Coding Assistance Case Study
There'll be time enough for counting when the dealing is done
I like coding assistants and I use them every day. They are equal parts amazing and boneheaded. There’s so many variables and so much nuance contributing to the boneheaded results, that I’m always looking for the straightforward use cases. The ones that should showcase the productivity enhancing power.
Recently, I had a what I thought to be the classic use case for a coding assistant to remove the tedium and do in seconds something that would take me minutes or hours.
Case study
I recently upgraded my application MSTests to the newer Microsoft.Testing.Platform. This migration was done a few weeks back. But it left behind hundreds of analyzer warnings imploring me to adopt the new MSTest conventions.
Ripping through hundreds of tests and swapping out well defined implementations seemed like the perfect use case for a coding assistant.
Take 1
I started out in Visual Studio Copilot with Claude Sonnet 4.5. I instructed Copilot to find and correct all of the MSTest analyzer warnings.

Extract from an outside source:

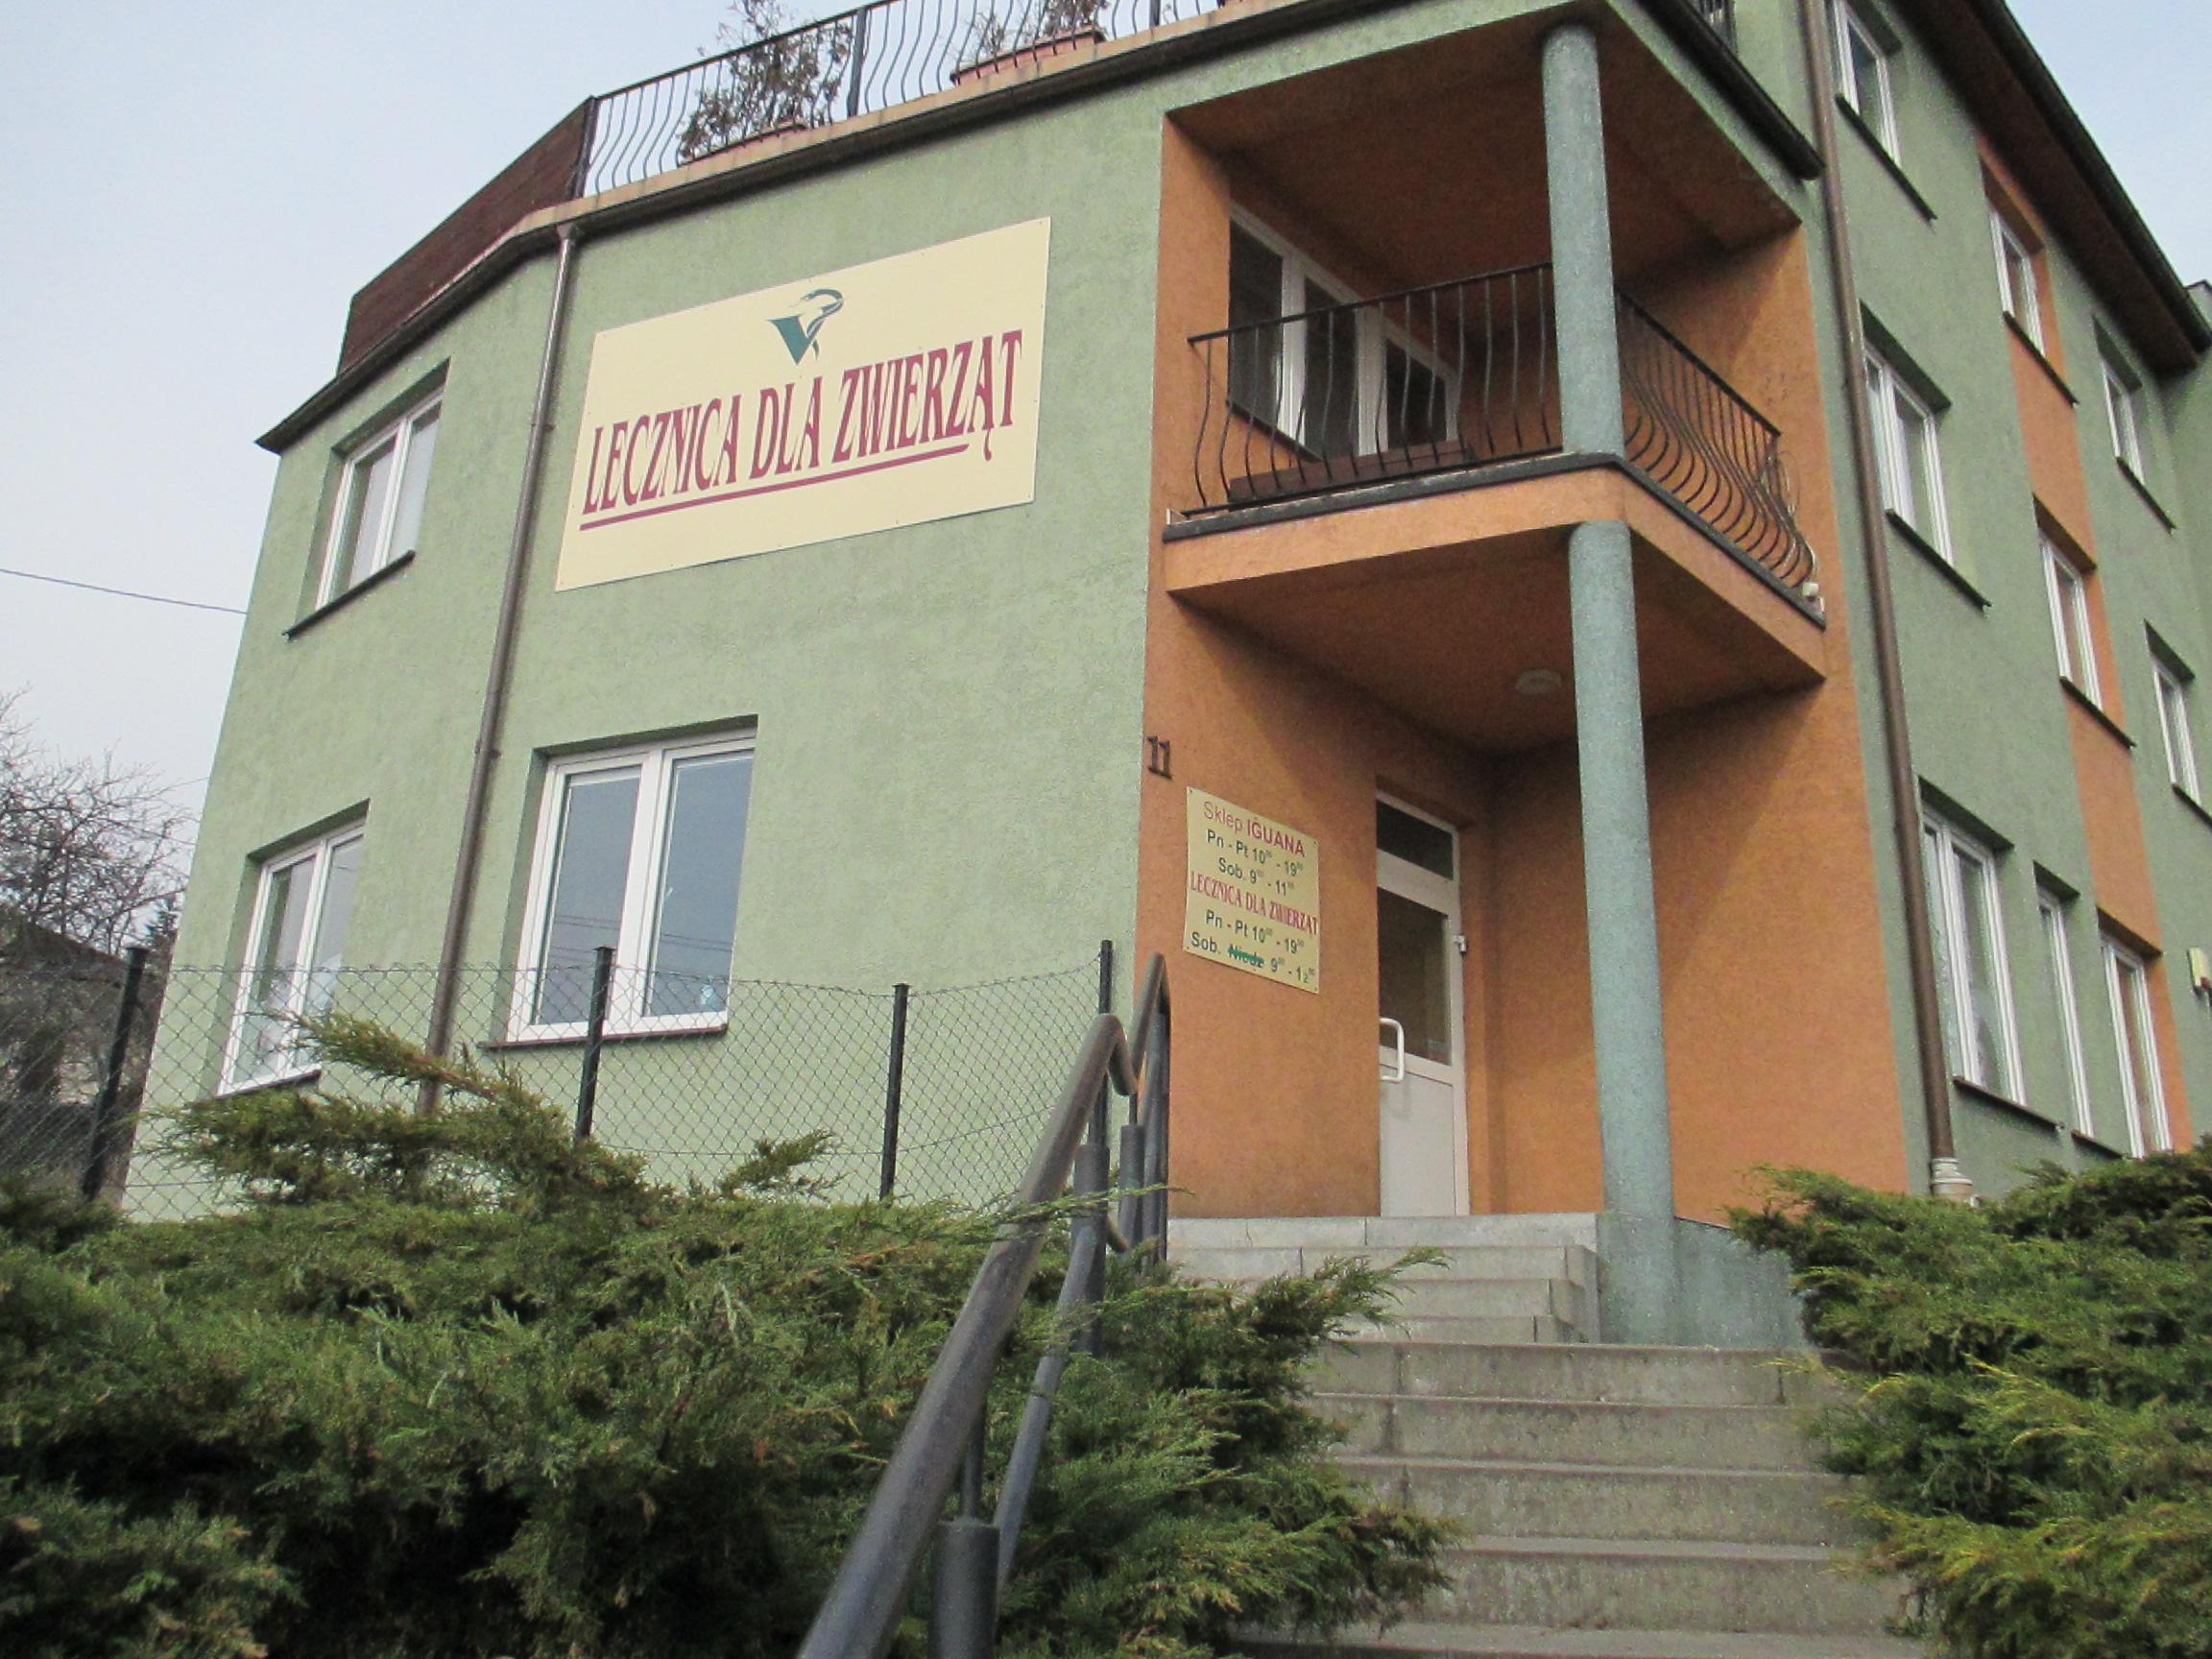 Klinika Dla Zwierząt Sc Klinika Dla Zwierząt W Gdyni
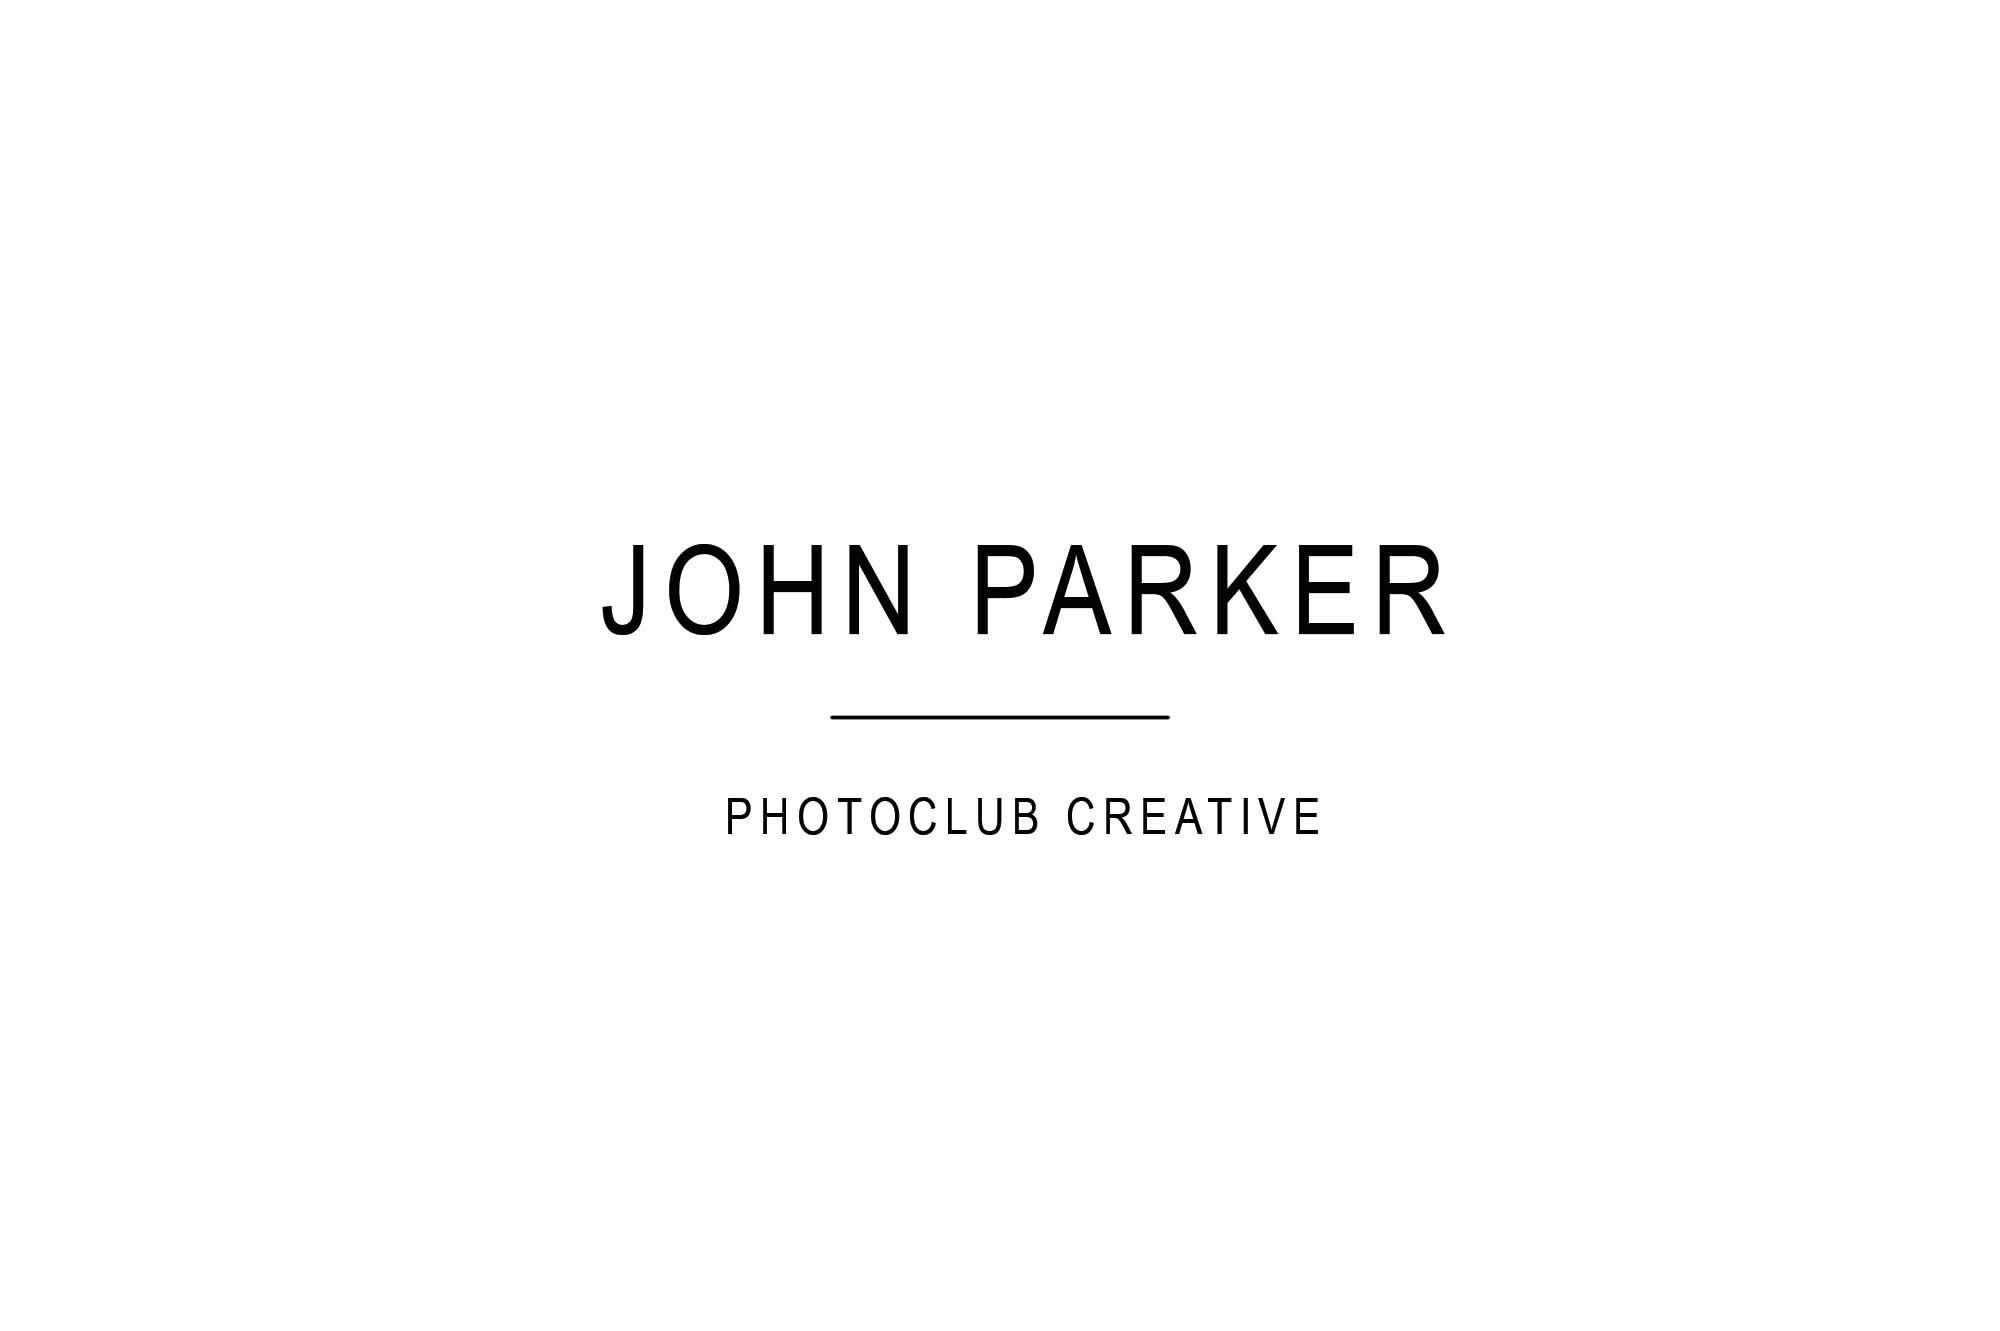 JohnParker_00_Title_WhtBg.jpg

Copilot did a reasonable job of compiling the solution and analyzing the build output to identify the MSTest warnings. It started to replace occurrences of [DataTestMethod] with [TestMethod], which is reasonable. But it got stuck processing for at least twenty minutes. It updated a few dozen occurrences, then declared victory. This was already off-track, because a simple find and replace would have accomplished this in seconds, yet Copilot processed for long durations, and missed a lot of them. I then instructed it to finish the rest. Copilot more or less engaged in the same process of long processing time, fixing a few warnings, and then giving up again declaring it was done. I tried this a few more times, prompting it to finish which it restarted. Eventually Copilot made a change that created a compiler error, and then went off the rails breaking and fixing unrelated things.
I eventually stopped it. This exercise took me a few hours and I didn’t really have anything useful to show for it.
Take 2
I decided to give Copilot CLI with GPT-5-mini a shot. The experience was different but similar. In the first attempt Copilot decided to suppress the warnings rather than fix them. After I rejected the warning suppression change, Copilot then performed like the Visual Studio attempt although it required much more interaction. Copilot stopped frequently requiring me intervene. It often declared it was done. Sometimes it claimed there were no more warnings several times in a row before eventually continuing.
I eventually stopped it. This exercise took me a few hours and I didn’t really have anything useful to show for it.
Take 3
I decided to try Rider with Junie for a completely different tooling perspective. The results were similar. In this case it did seem to successfully perform some edits, albeit extremely slowly, spending hours to get about 20% the way through. It did crash a few times, where I had to intervene and tell it to continue. But like the others, taking too long and needing to be periodically corrected, prompted to continue, or reminded that its not done was not helpful.
Summary
Needless to say these tools did not remove the tedium of a rudimentary task. In fact they failed miserably. Now one could argue it was too many files, or too vague an instruction (I should have told it to use find-replace for example), but isn’t this what its supposed to be good at? If it can’t do this, how much autonomy can we give these things?
Even if it took hours to complete, without requiring intervention, that would have had some value. I could have let it do its work and comeback at then end of the day to find it all done. But they couldn’t even do that.
I often feel like a gambler. When I get the good result in the morning, and the coding assistant does something impressive or makes things easier for me, I should take my winnings for the day and walk away from the table. If I play long enough, inevitably I lose my winnings.

I use Claude for writing and my experience is pretty much the same. Sometimes it manages to write a decent take on, say, estrogen metabolism. Sometimes it gets confused and writes about androgens instead. Prompts matter, but most of the time I have either to rewrite from scratch or to make so much edits that there is no difference in time spent. I don’t complain because Claude breaks my writer’s block and that’s great.